[[ Data shown open ]]
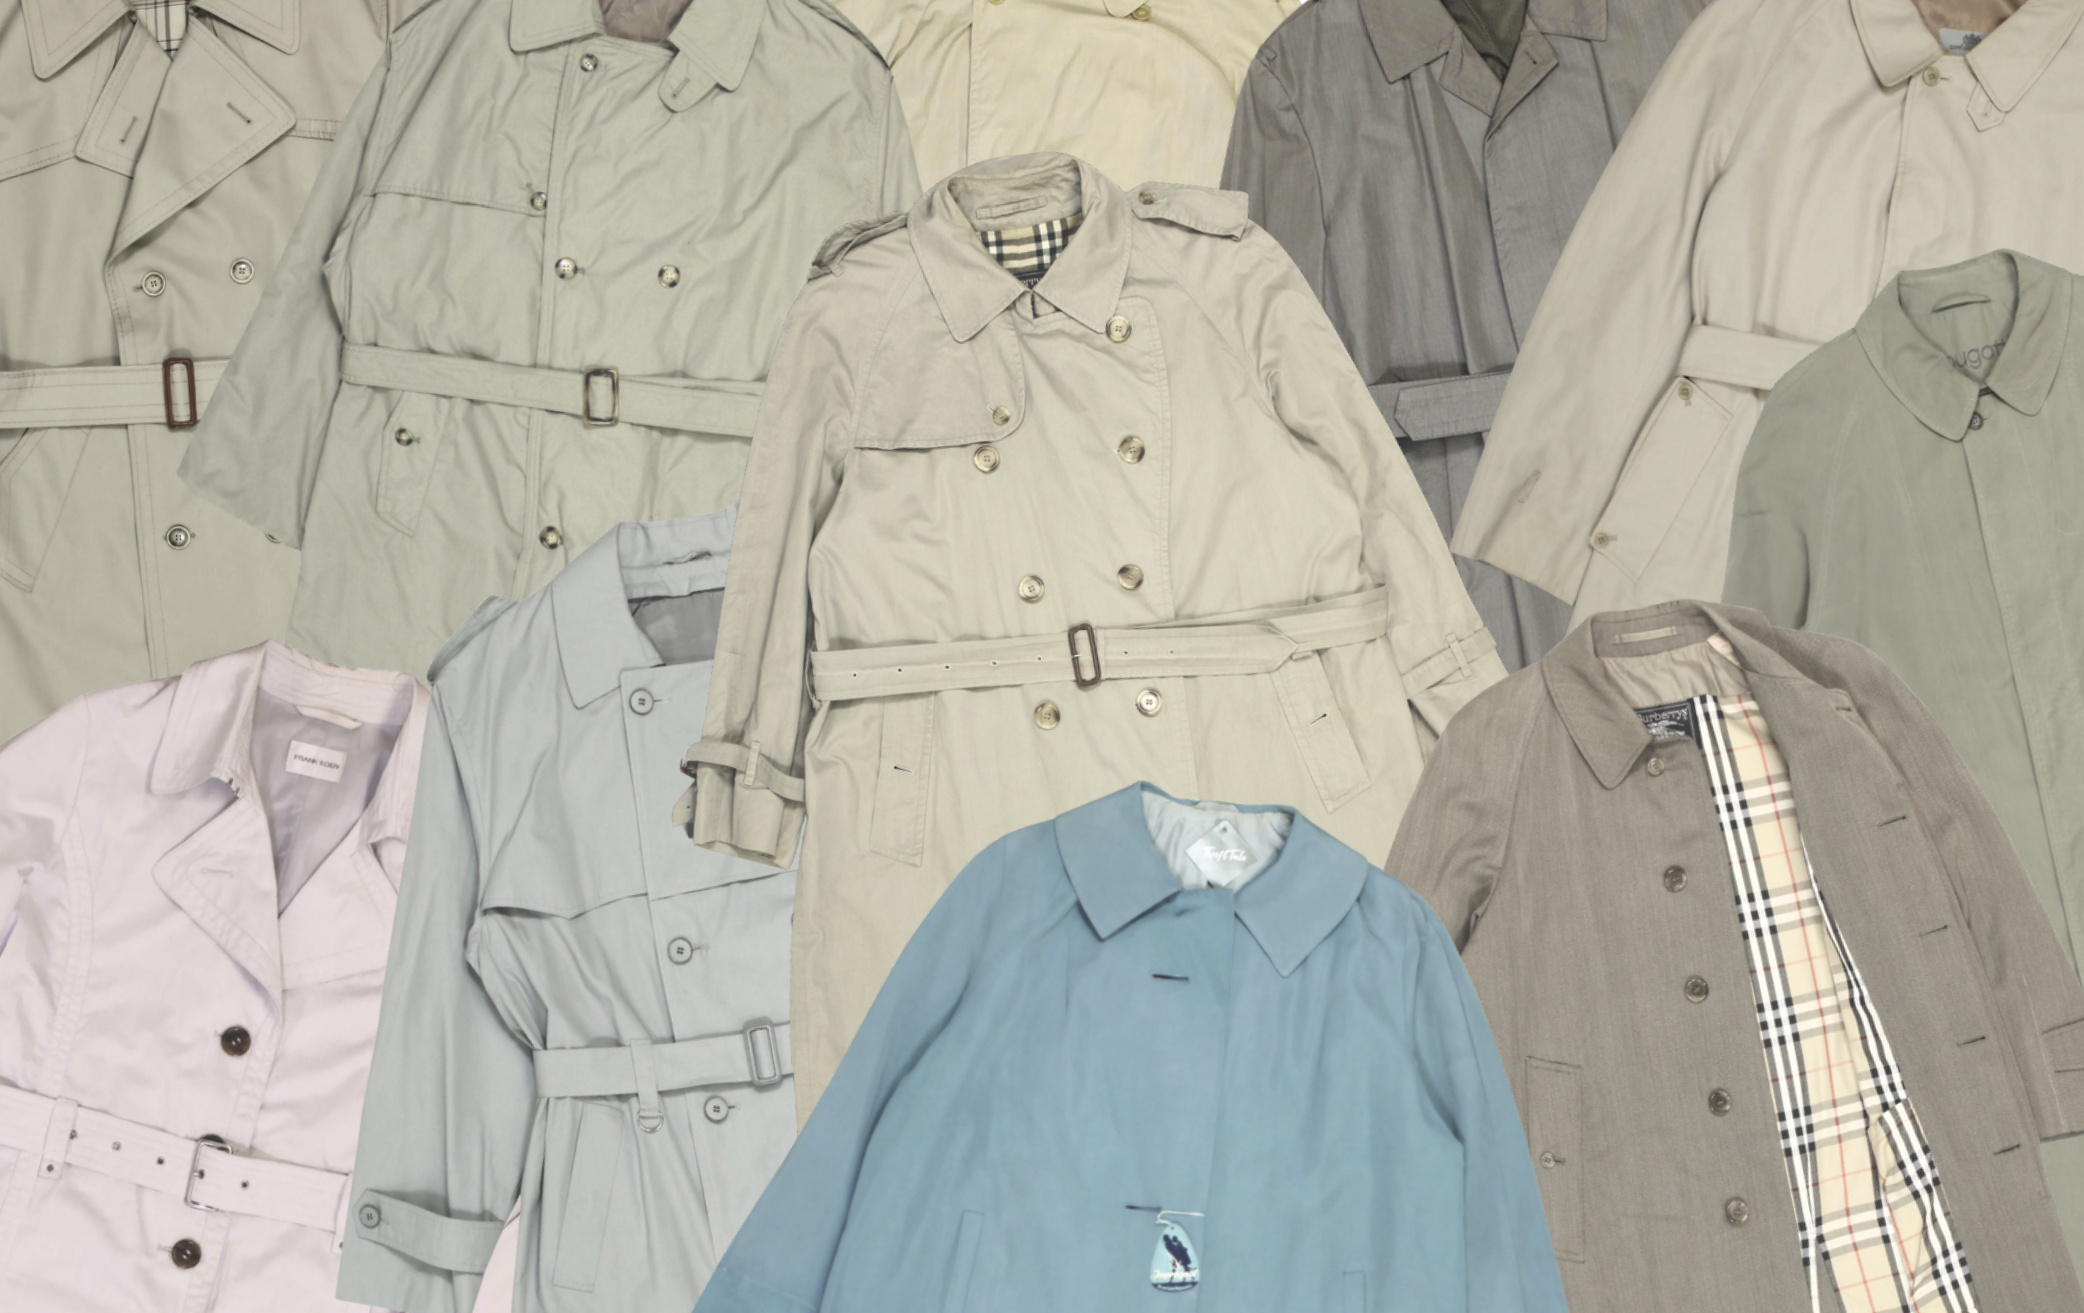 Vintage Raincoats: Trench Coat or Mac?
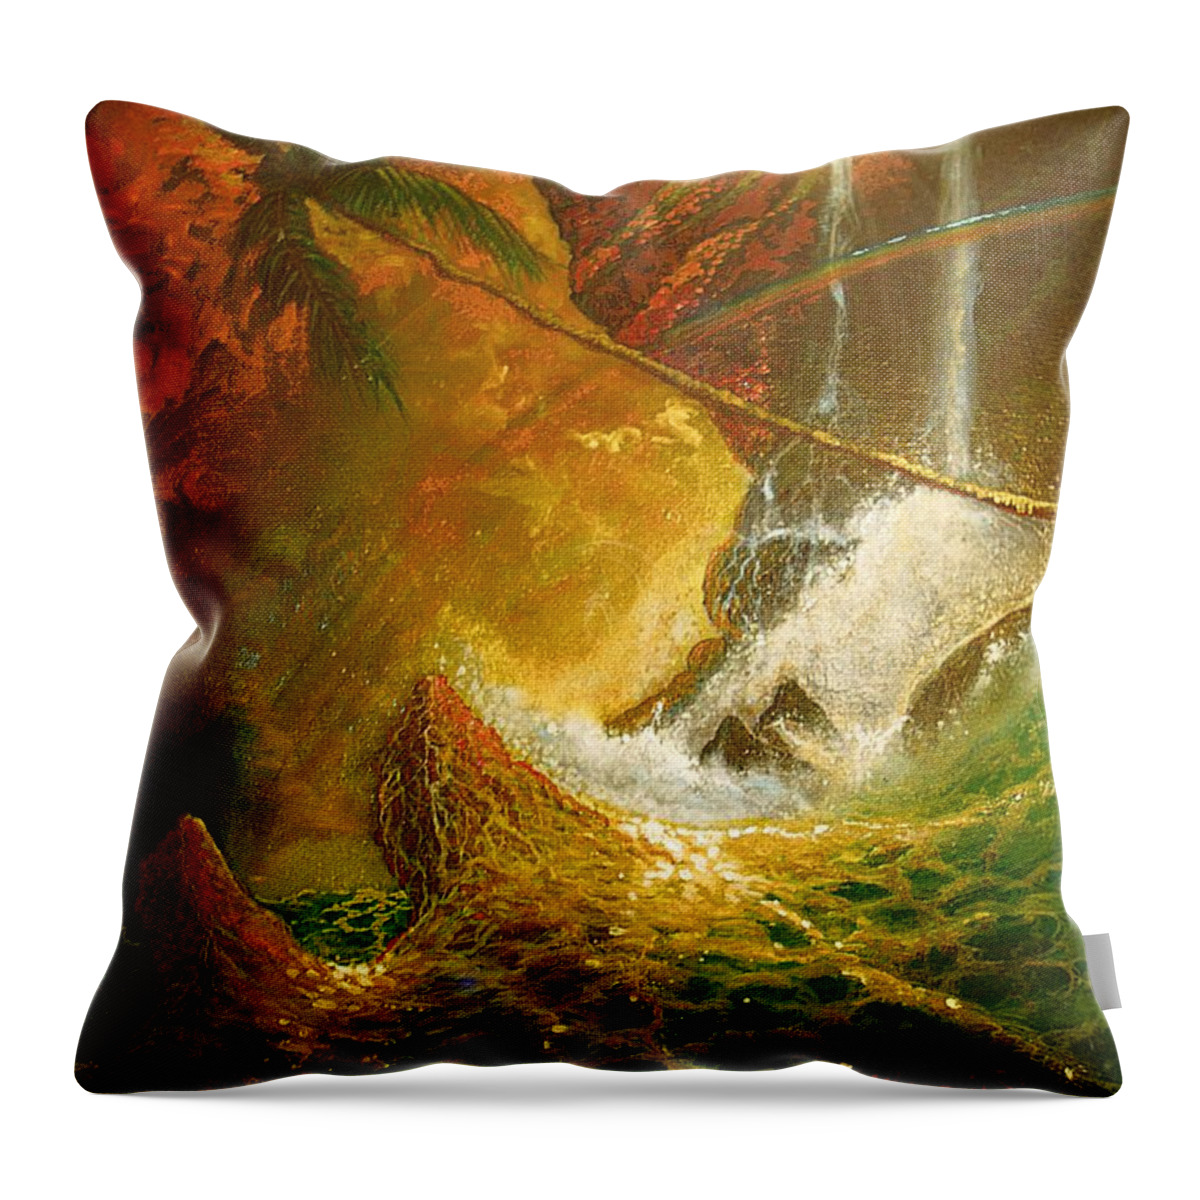 Hawaii Seascape Waterfall Throw Pillow featuring the painting Hawaii Sescape Waterfall Sunset by Leland Castro
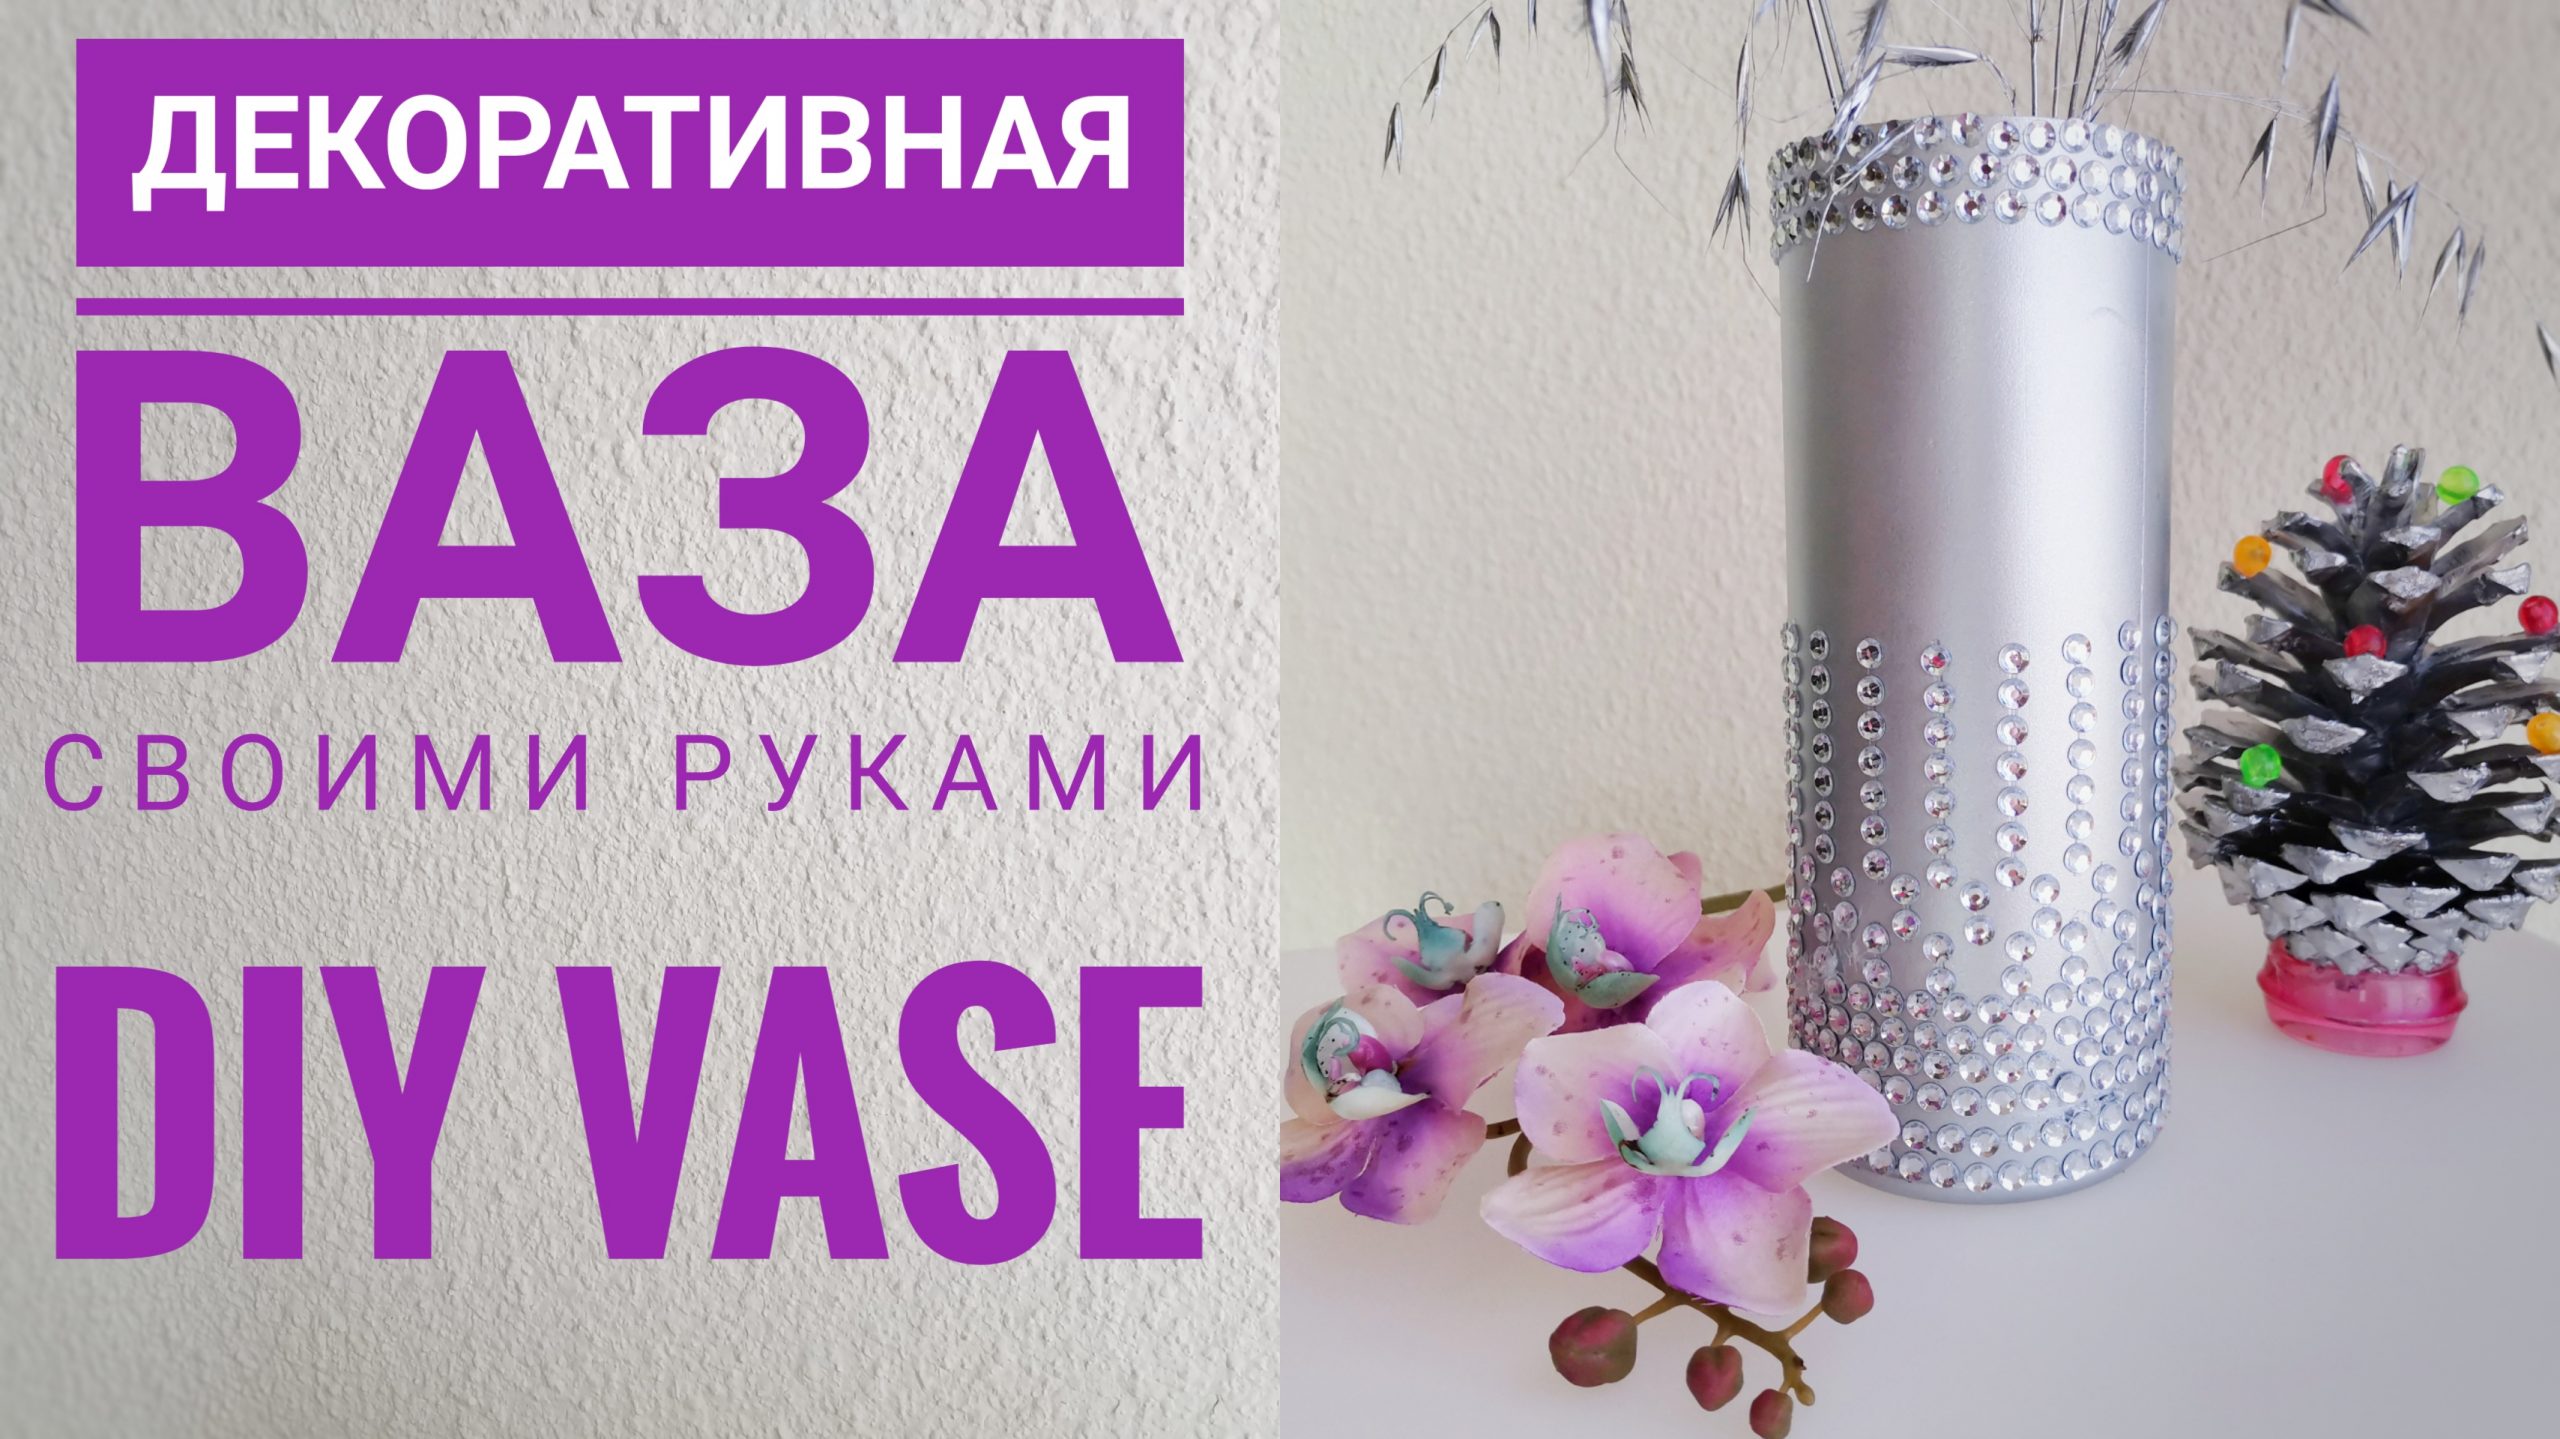 Декоративная Ваза Своими Руками / DIY Vase
[[ Data shown closed ]]
§ Requirement
Extract the full listing exactly, with the pictures left out.

§ Solution below
 Vintage Raincoats: Trench Coat or Mac?
 Hawaii Seascape Waterfall Throw Pillow featuring the painting Hawaii Sescape Waterfall Sunset by Leland Castro
 Декоративная Ваза Своими Руками / DIY Vase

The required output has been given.